Problem to work on: Please transcribe exactly, and only, the lines of the data below between the line holding "SGS TDA8150 circuito" and the line holding "Crystal Shield ガーミン", inclusive.

Available data:
....

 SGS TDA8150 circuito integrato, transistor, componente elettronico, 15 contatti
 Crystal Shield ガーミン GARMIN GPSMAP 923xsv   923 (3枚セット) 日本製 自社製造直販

....

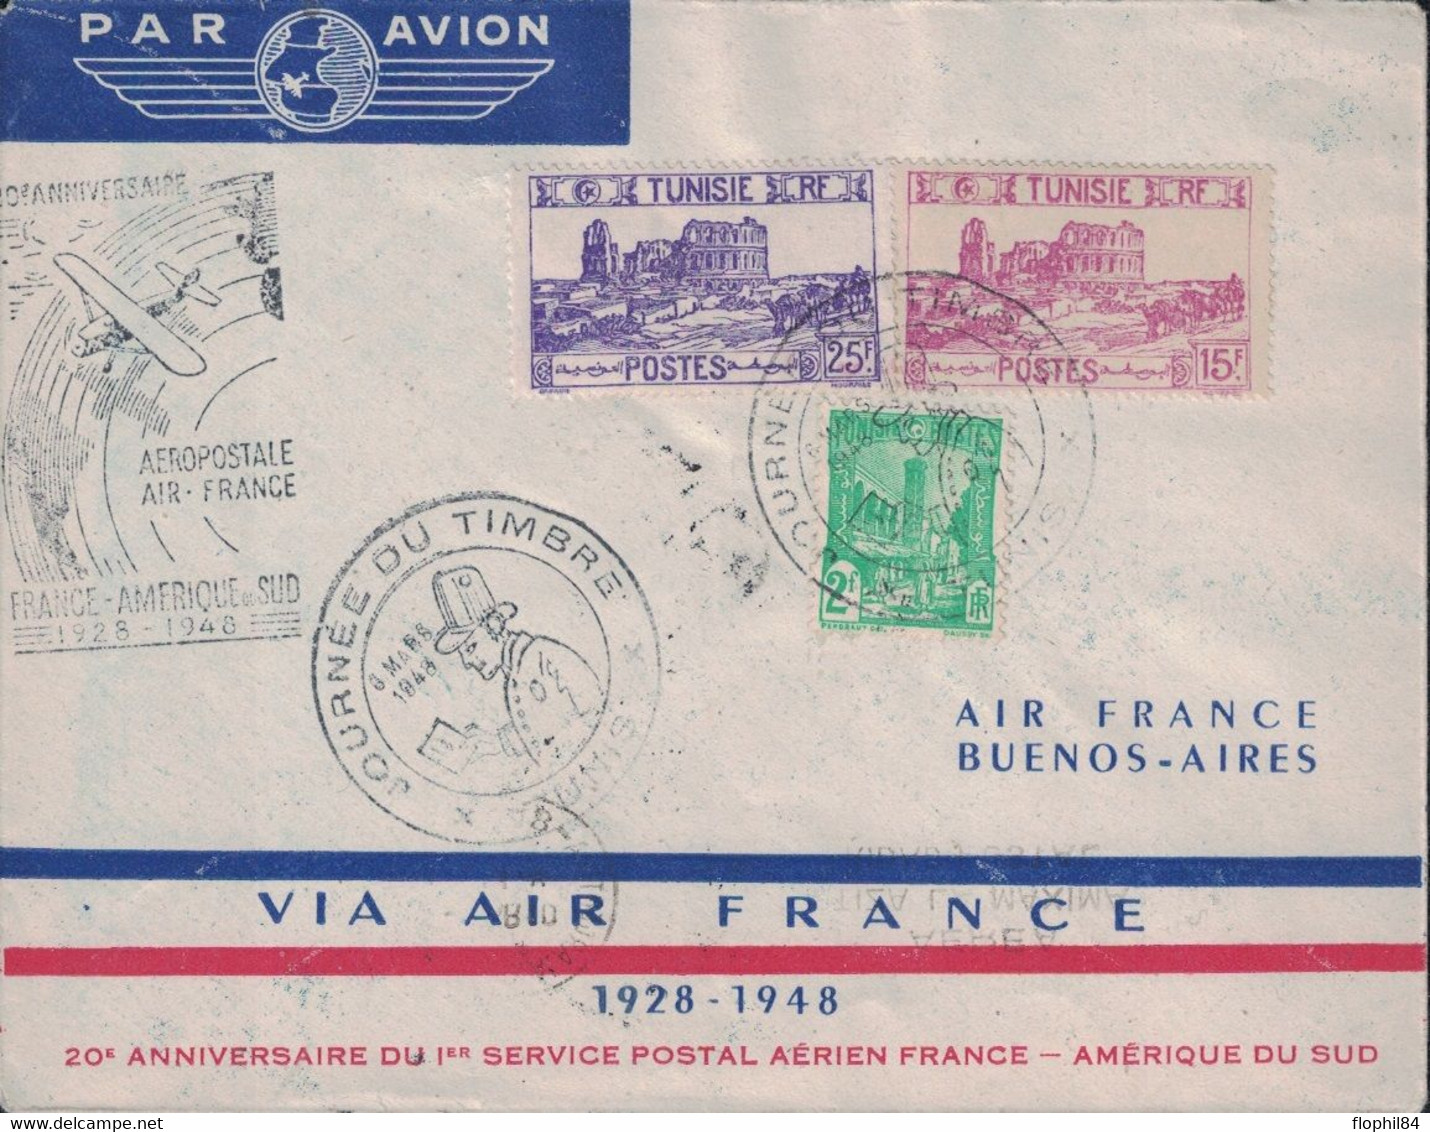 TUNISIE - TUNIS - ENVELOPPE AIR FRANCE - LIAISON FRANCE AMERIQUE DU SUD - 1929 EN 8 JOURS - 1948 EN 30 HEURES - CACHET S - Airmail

....

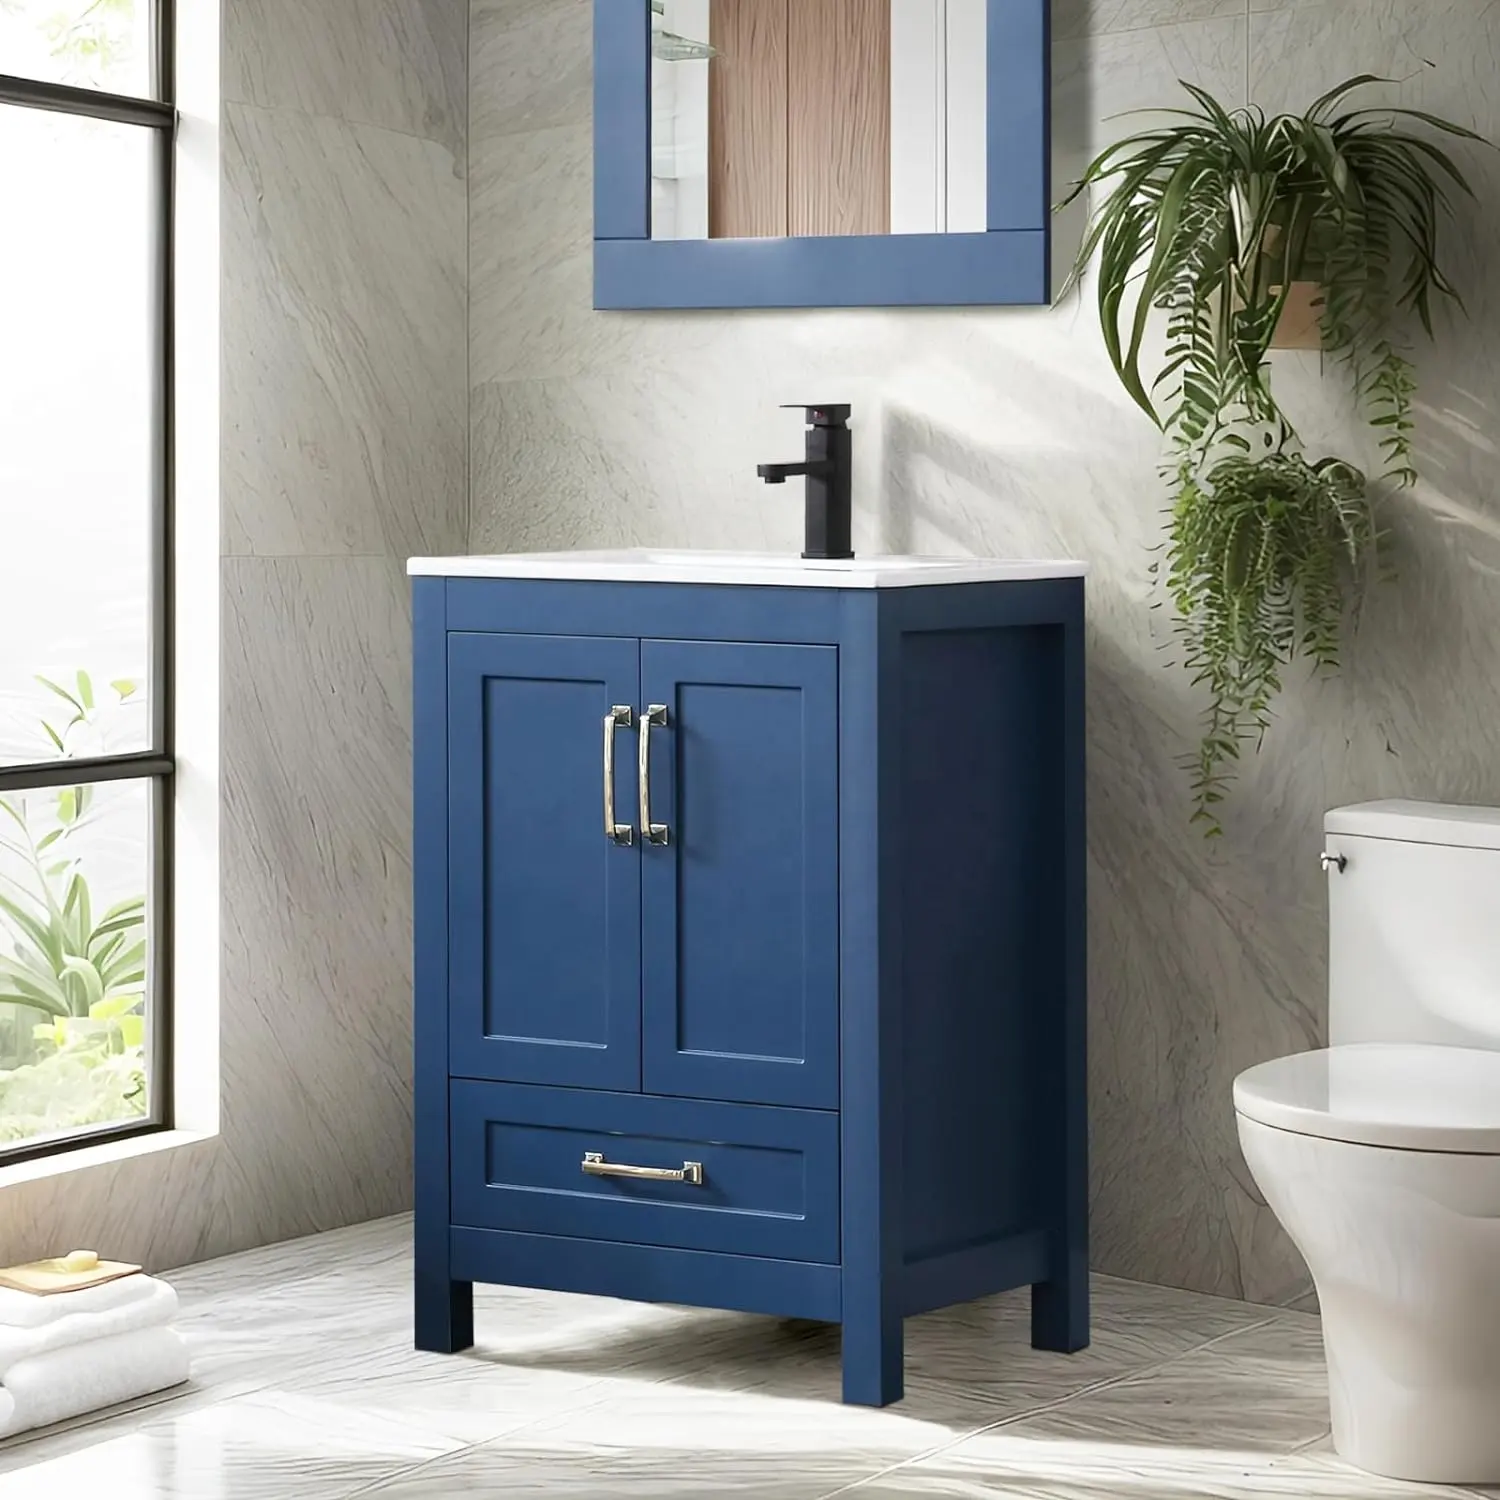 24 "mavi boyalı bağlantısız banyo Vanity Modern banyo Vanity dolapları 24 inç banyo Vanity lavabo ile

....

Response for this exercise:
 SGS TDA8150 circuito integrato, transistor, componente elettronico, 15 contatti
 Crystal Shield ガーミン GARMIN GPSMAP 923xsv   923 (3枚セット) 日本製 自社製造直販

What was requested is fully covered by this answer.